"This digest revels in the in-between, the transitional, the presence of absence. My camera with its dials and knobs and sharp focus has taken me into the blur of things. Because something can't be measured it doesn't mean that it isn't there."
In the late 1990's I had a breakdown that ultimately led me - through a journey that took me away from depression - to a new career in photography. What made the grit of the dark days worthwhile was a little pearl of insight that helped me move forward- a new way of seeing and interacting with things - more sensual, emotive and visual.
In 2003 a letter dropped onto the mat of my home in Rochdale that started the thread of a journey that led directly to this digest. It told me that I'd won a prize: the Harold Samuel Prize for my thesis on Genius Loci in Architecture. In the scheme of things, it wasn't anything to shout about, but to me, it felt as though I'd won an Oscar.
My tutor told me at the awards that he hadn't seen anybody approach our built environment in that way before - through the ways that it impacts us emotionally.
"I think that your work is a fresh perspective." He said.
My prize on that day? A 300mm lens, but more importantly: a feeling of affirmation - that I was on the right path.
Many years later at Stowe House I gave a photography masterclass. At the class, I reduced the usual focus on the tech elements and, instead, taught the students new ways of experiencing their environment. The photography inspiration for the students would come from, and be driven by, new perspectives.
A participant, Nick Morris, contacted me afterwards and said that he had started to see his world differently - that the mundanity of his home town was now alive with possibilities.
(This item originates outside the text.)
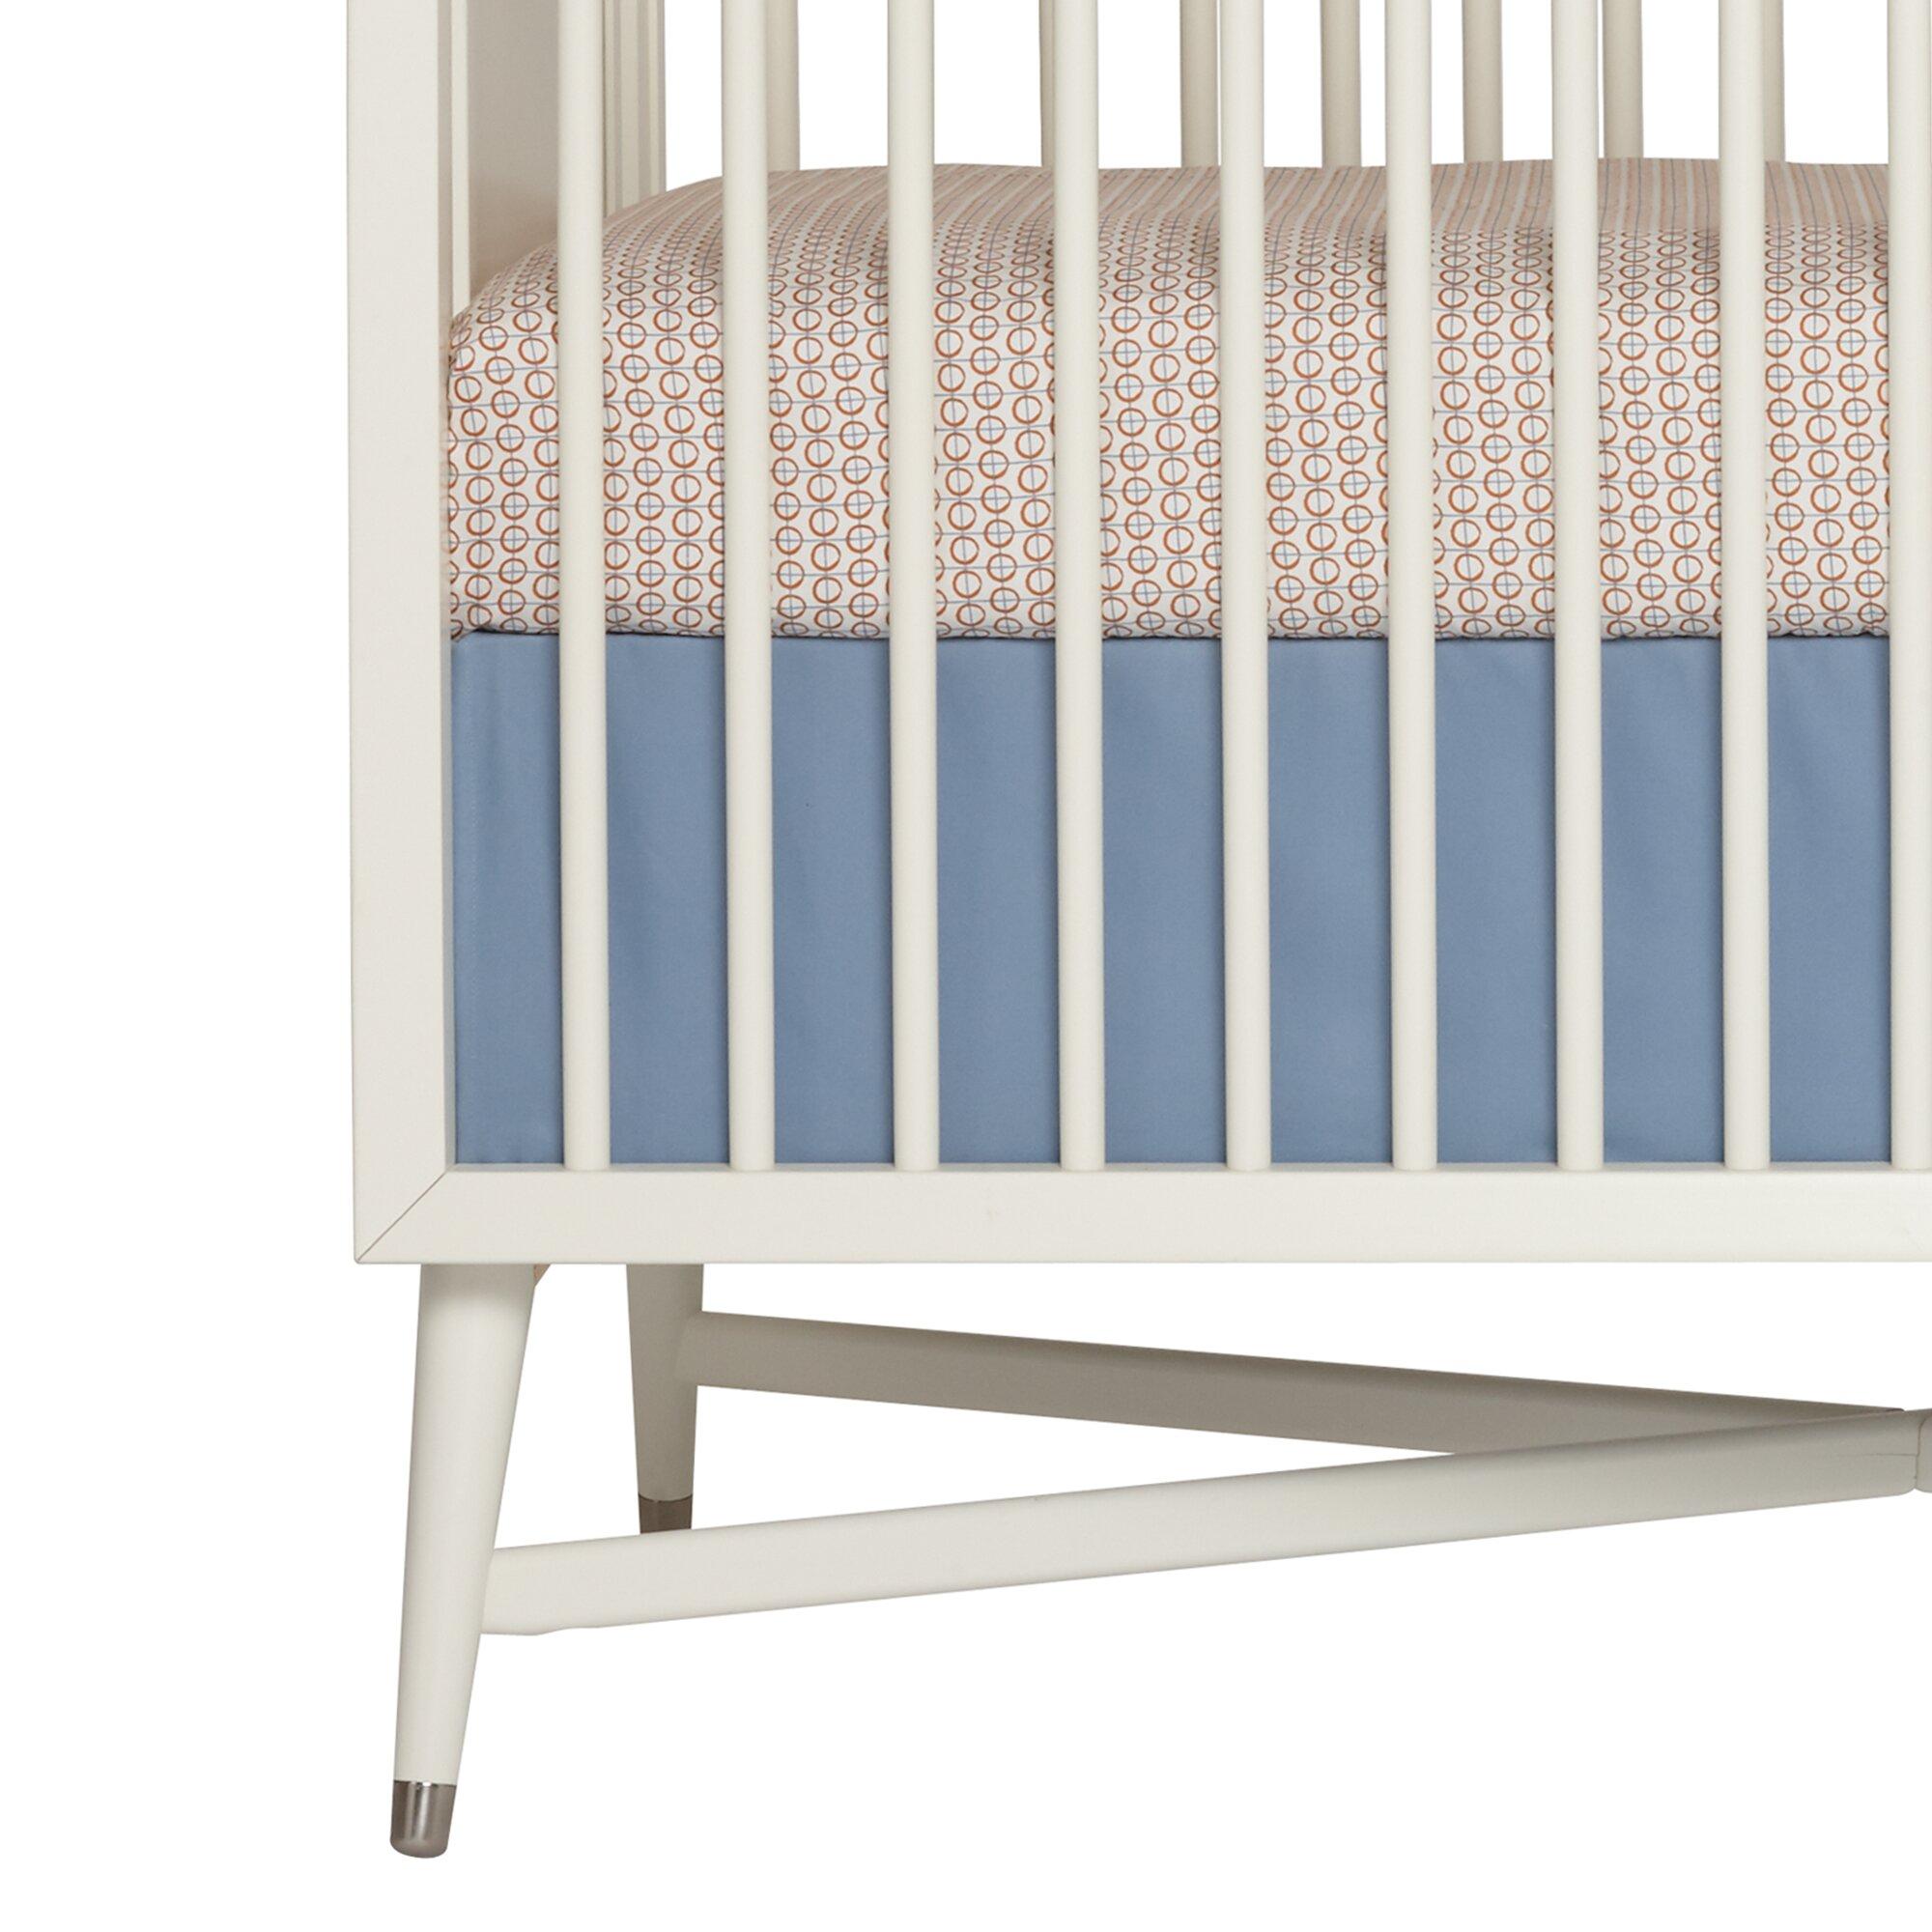 dwellstudio flight denim crib skirt reviews dwellstudio
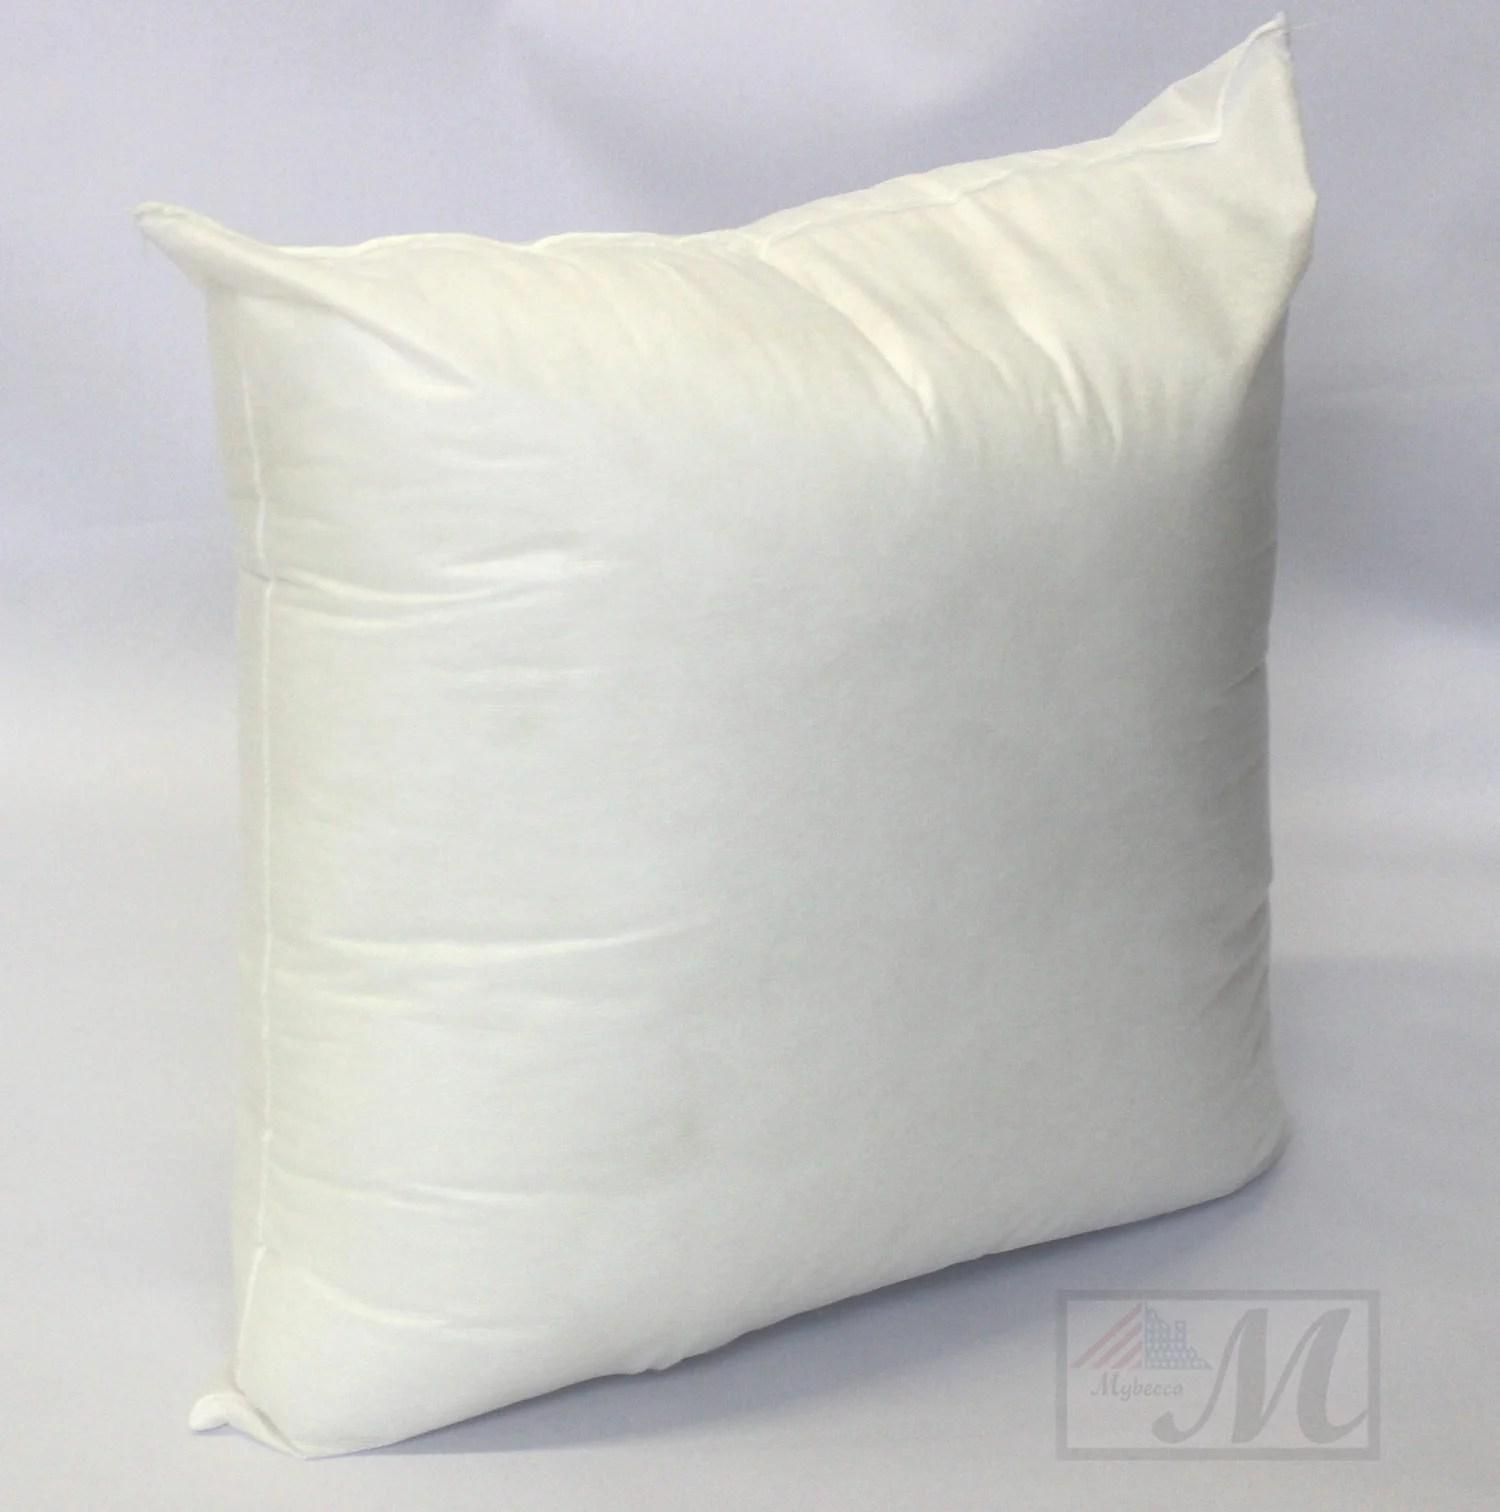 mybecca 18 l x 18 w pillow sham stuffer white square hypoallergenic pillow insert first quality

It was a kind thing to say, and it encouraged me to continue towards this digest.
The combination of photography and architecture and new ways of seeing has been infused into this Genius Loci Digest.
It has become my centre of gravity.
This digest is a protest, a counter-narrative and an antidote to these uncertain times, and my photography is another way of telling. It says that these things matter, that they contribute to the quality of our lives, our wellbeing and our identity. It tells us that there are many nuanced layers to the past and to us, as human beings. We can learn and grow from that.
In a fast changing world this digest focuses on slow time, refinement, relevancy, and ultimately continuity.
This digest revels in the in-between, the transitional, the presence of absence. My camera with its dials and knobs and sharp focus has taken me into the blur of things. Because something can't be measured it doesn't mean that it isn't there. The spirit of things, the essence of place is as real as my shutter button.
It wasn't until my camera had taught me these things that I understood Terry Pratchett's words in Hogfather:
"Then take the universe and grind it down to the finest powder and sieve it through the finest sieve and then show me one atom of justice, one molecule of mercy."
From the deft cut of a finial to the hammered arc of an iron latch - our ancestors have been remonstrating with the vagaries of their times through the flourishes that took the mundane beyond the practical. They are saying 'I am here, I am relevant'.
With my camera, I seek out their whispers captured in the material record.
Their material record is our inheritance, it is saturated with meaning, and it still has lessons to teach us.
It’s worth repeating Graham Clarke’s words from his book The Photograph:
"The act of taking a photograph fixes time, but it also steals time, establishes a hold on the past in which history is sealed, so to speak, in a continuous present."
The last 18 months has seen the digest grow with over 1000 subscribers. I get mail (both virtual and physical) from all over the world and people have told me that it has helped them through difficult times. It has also re-connected expats to their favourite places. It has led to new friendships, new discoveries and to the possibility of a new strand in my career.
I love everything about making the digest, from the trip planning, to the photography, to the writing. I hope that you get a taste and sense of the places and people I visit - and their wisdom.
The members subscriptions help keep this digest free and public facing and also help keep Woody on the road (keeping Woody on the road, I have to admit, is my greatest anxiety).
I'd like to take the opportunity to say thank you to all subscribers for making this journey worthwhile.